Press "Build" to create the segment tree.
ARRAY
Build the tree first, then run queries or updates.
Step 09

Complexity Analysis

Build
O(n)
Query
O(log n)
Update
O(log n)

Why These Complexities?

Build O(n): Each of the n leaves is visited once, and there are n-1 internal nodes. The total work at each level is proportional to the number of nodes at that level, which sums to O(n) across all levels.

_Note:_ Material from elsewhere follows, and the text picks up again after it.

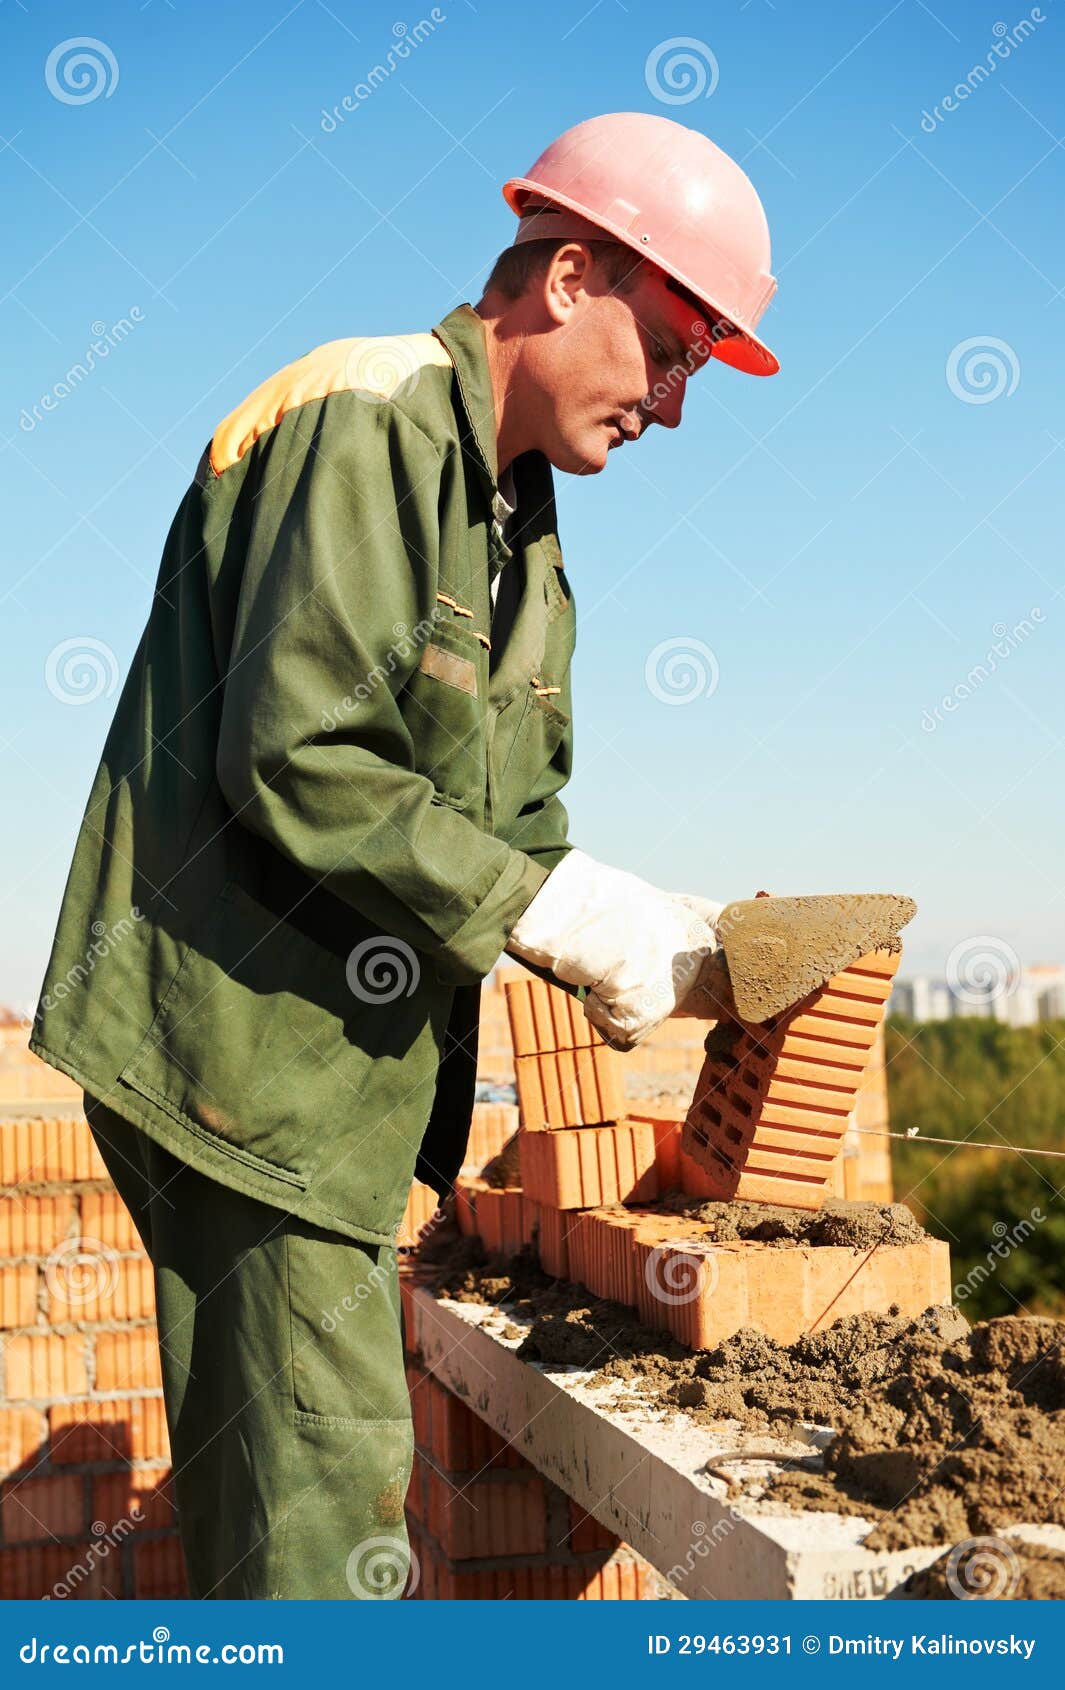 Construction Mason Worker Bricklayer Stock Image - Image of helmet, 29463931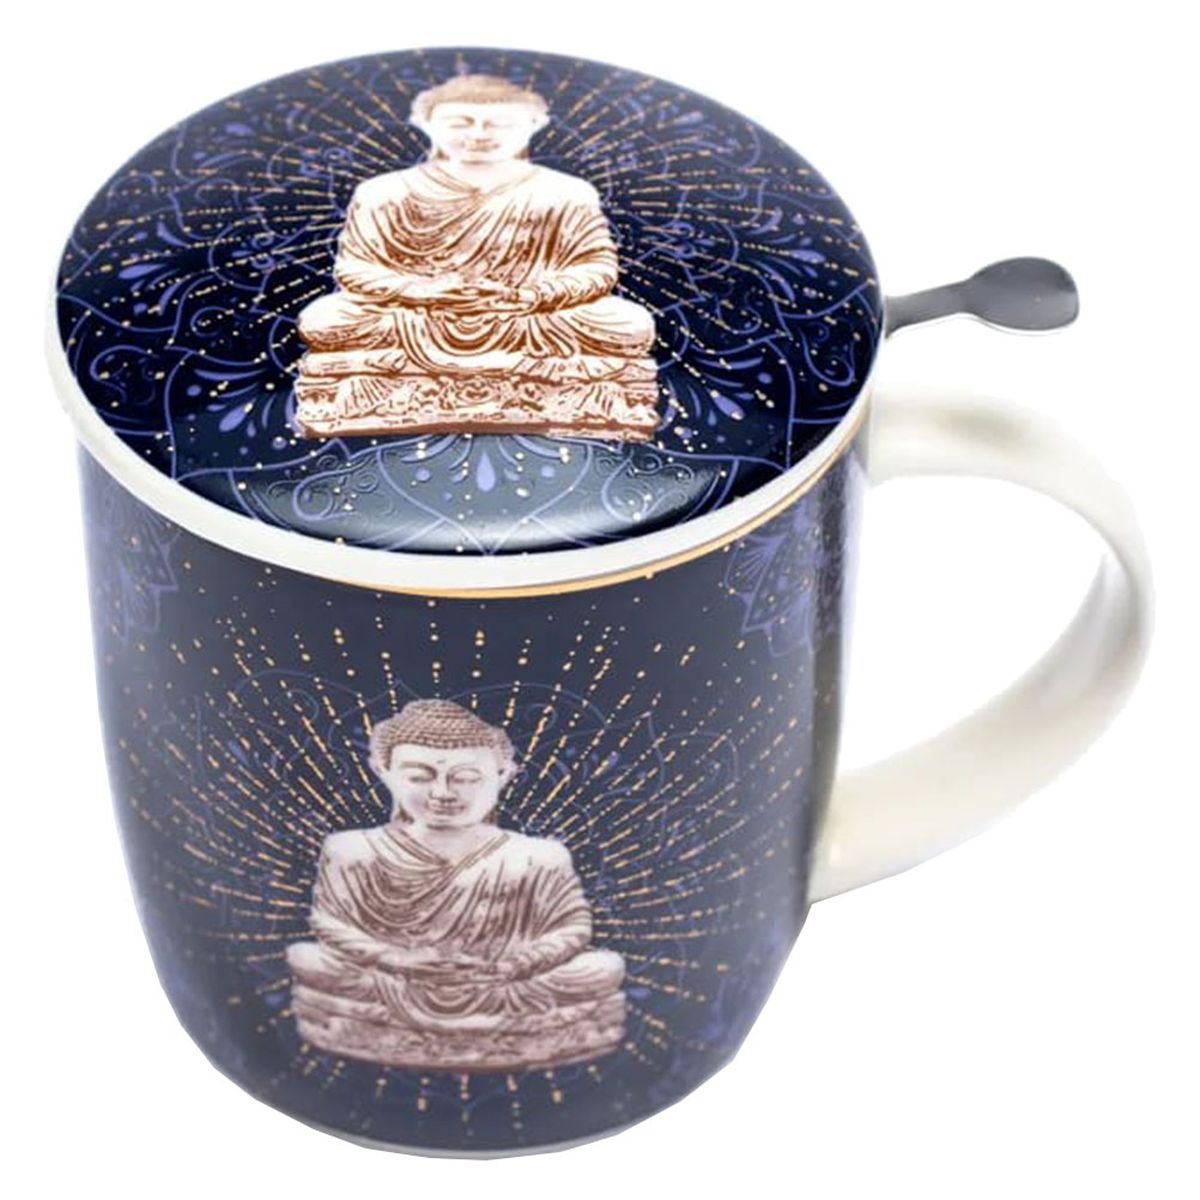 Mug avec infuseur mtal - Bouddha bleu Nuit

Query O(log n): At each level of the tree, at most 2 nodes have their ranges partially overlapping with the query range. All other nodes are either fully inside (returned immediately) or fully outside (pruned). This means we visit at most O(log n) nodes total.

Update O(log n): A point update follows a single root-to-leaf path, updating the aggregate at each level. The tree has O(log n) levels.

Space: The tree array uses O(n) space (specifically 4n slots). With lazy propagation, an additional O(n) lazy array is needed.

Comparison with alternatives: A Fenwick tree (Binary Indexed Tree) also achieves O(log n) per operation for prefix sums but is harder to extend to non-invertible operations like min/max. A segment tree is more versatile: it handles any associative merge function and supports lazy propagation for range updates.

Step 10

Key Takeaways

01

Divide and conquer on ranges. The segment tree recursively splits the array into halves. Each node owns a range [l, r] and stores the aggregate for that range. This divide-and-conquer structure is what enables O(log n) queries and updates.

02

Three cases in every query. When querying [ql, qr] at a node covering [l, r]: (1) no overlap → return identity, (2) total overlap → return node value, (3) partial overlap → recurse into both children and merge. Master this three-way check and you can implement any segment tree.

03

Lazy propagation defers work. For range updates, do not visit every leaf. Store a pending update at the highest node that fully covers the update range, and push it down only when needed. This keeps range updates at O(log n).

04

Works with any associative merge. Sum, min, max, GCD, bitwise OR, count of zeros, matrix products. As long as the merge operation is associative, the segment tree structure applies. Change the merge function and identity element to adapt.

05

Use 4n space for safety. The flat array representation uses indices 1 to ~4n. Children of node i are at 2i and 2i+1. This implicit representation avoids pointer overhead and is cache-friendly, making it fast in practice.